Sikh composition from the Dasam Granth

Akal Ustat (ਅਕਾਲ ਉਸਤਤਿ, /pa/, lit. ‘the praise of the Timeless One’) is the name given to the second Bani (sacred composition) present in the second holy scriptures of the Sikhs called the Dasam Granth. It is composed of 271 verses, and is largely devotional in nature. The Akal Ustat was completed in 1677 as per the Chaupa Singh Rehitnama.

== Synopsis ==
The word "Akal" mean the "timeless primal being" and the word "Ustat" (from the Sanskrit word 'stuti') means "praise". So together, the words "Akal Ustat" mean "the praise of the Timeless One". In it, Guru Gobind Singh, the tenth Sikh Guru writes that God is worshipped by various peoples in many different ways, and with varying names and methods:

He is an Inconceivable Entity, External and Attire-less. He is without attachment, colour, form and mark. He distinct from all others of various colours and signs. He is the Primal being, Unique and Changeless.(3)
He is without colour, mark, caste and lineage. He is the without enemy, friend, father and mother. He is far away from all and closest to all. His dwelling is within water, on earth and in heavens.(4)
— (Guru Gobind Singh, Akal Ustat, verse 3 to 4)

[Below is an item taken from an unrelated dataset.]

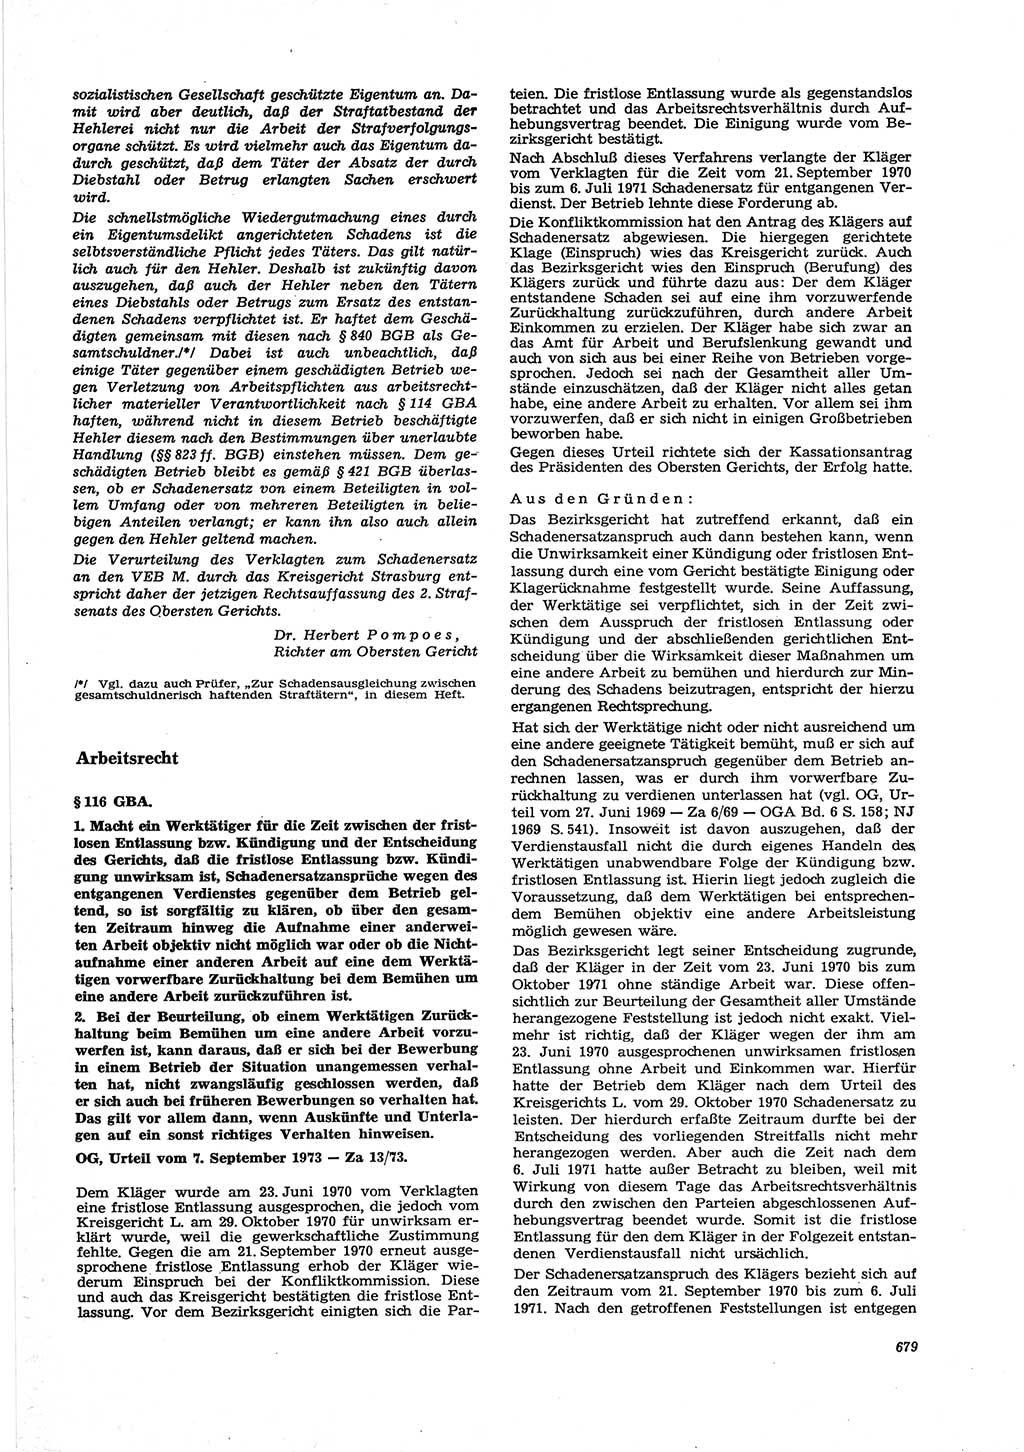 Neue Justiz (NJ), Zeitschrift für Recht und Rechtswissenschaft [Deutsche Demokratische Republik (DDR)], 27. Jahrgang 1973, Seite 679 (NJ DDR 1973, S. 679)
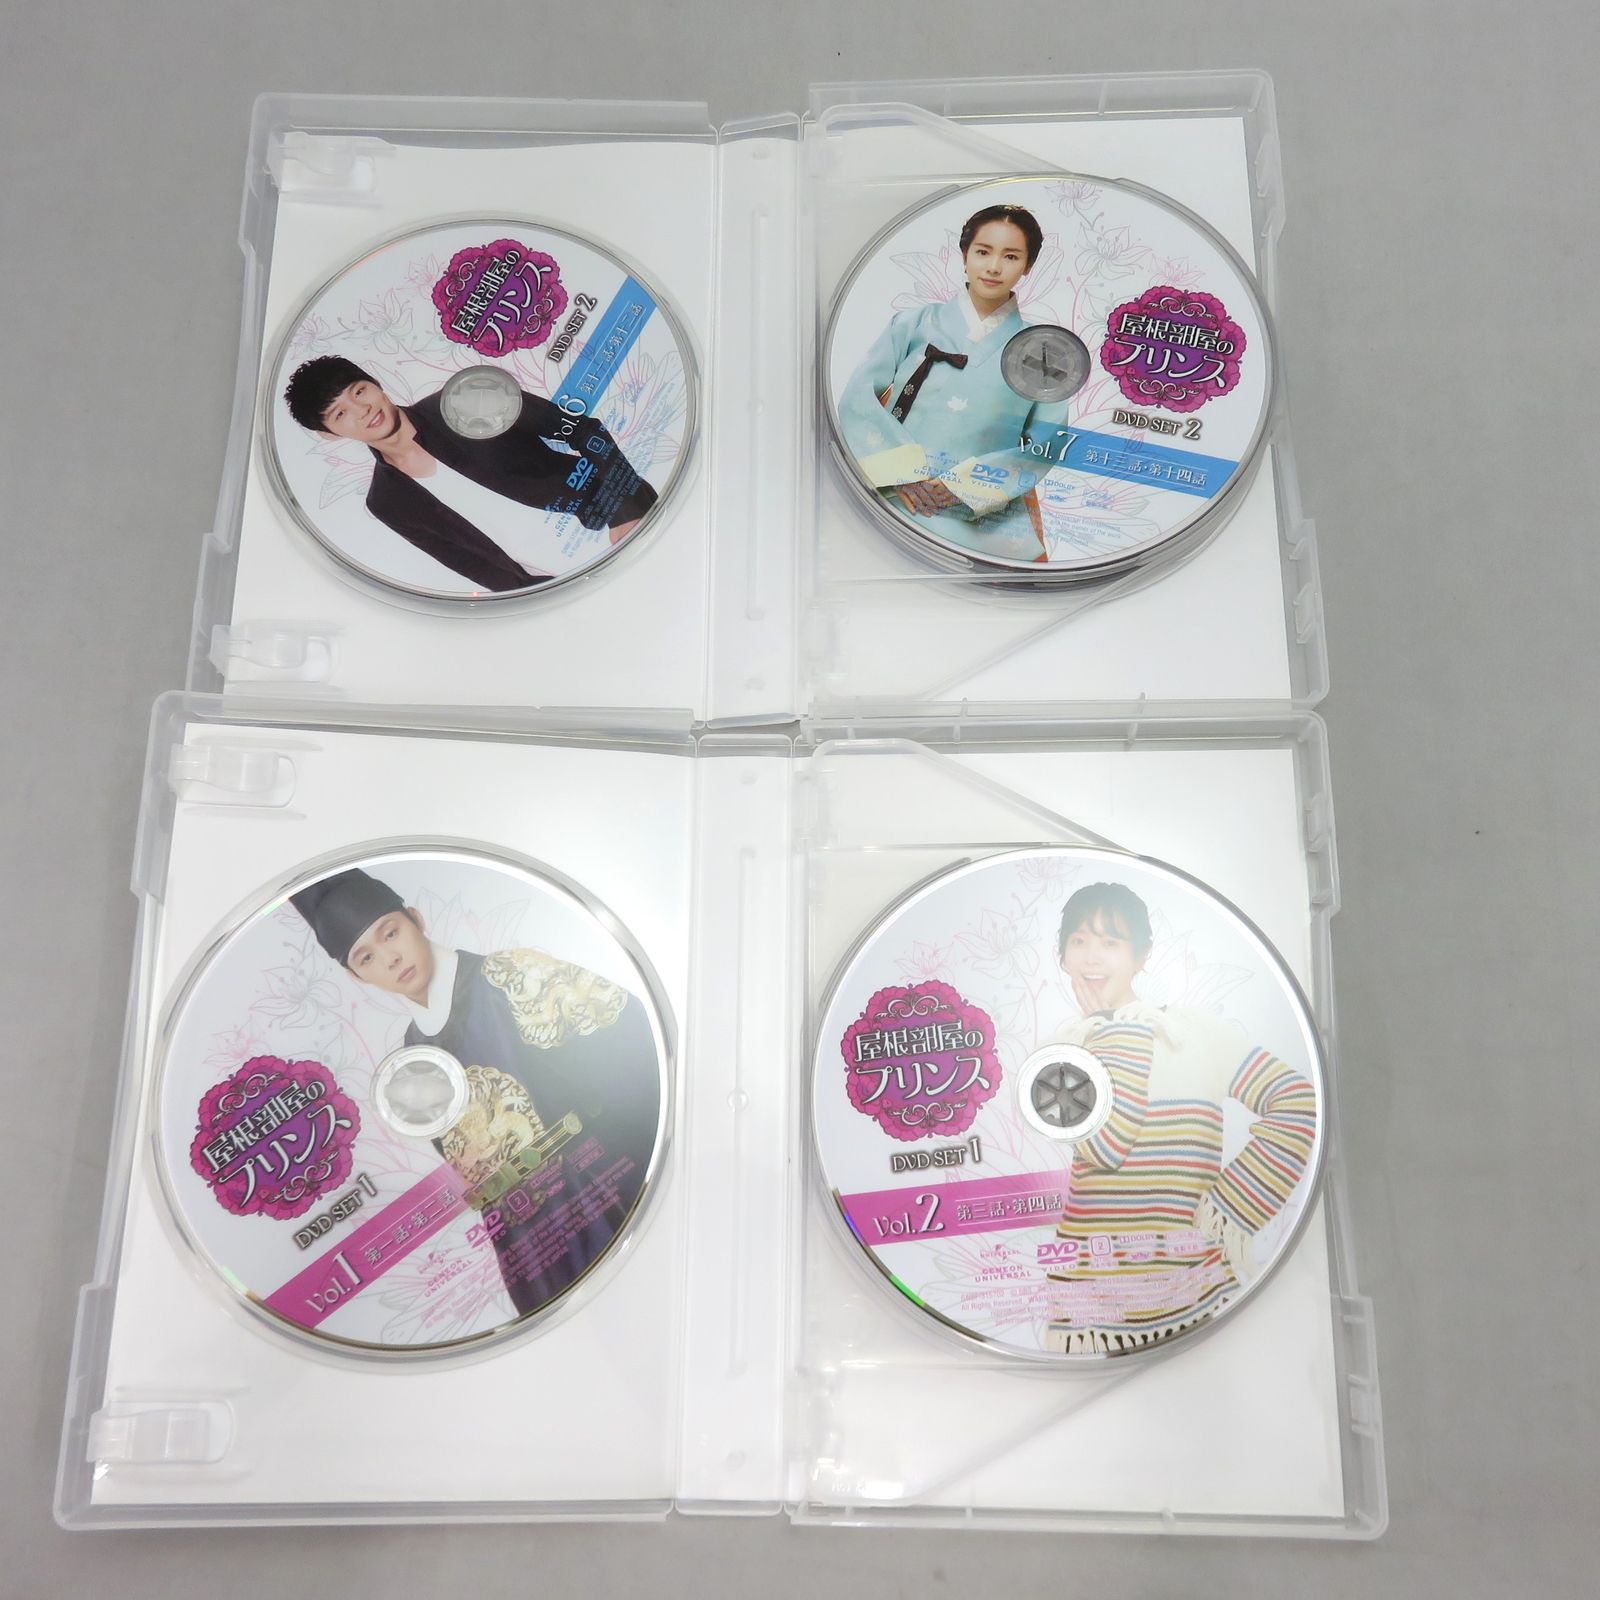 屋根部屋のプリンス DVD SET 1+2〈10枚組〉 ポストカード欠品 - メルカリ

The scripture is notable for its unalloyed disavowal of the caste system, and of cultural elitism in general. At various points in this composition, Guru Gobind Singh speaks out against the belief that some people are superior to others, by virtue of belonging to a particular religion, region, history, culture, colour or creed. Instead, he clearly and firmly states that "all human beings are equal ":

Someone is Hindu and someone a Muslim, then someone is Shia, and someone a Sunni, but all the human beings, as a species, are recognized as one and the same.
— (Guru Gobind Singh, Akal Ustat, Verse 85-15-1)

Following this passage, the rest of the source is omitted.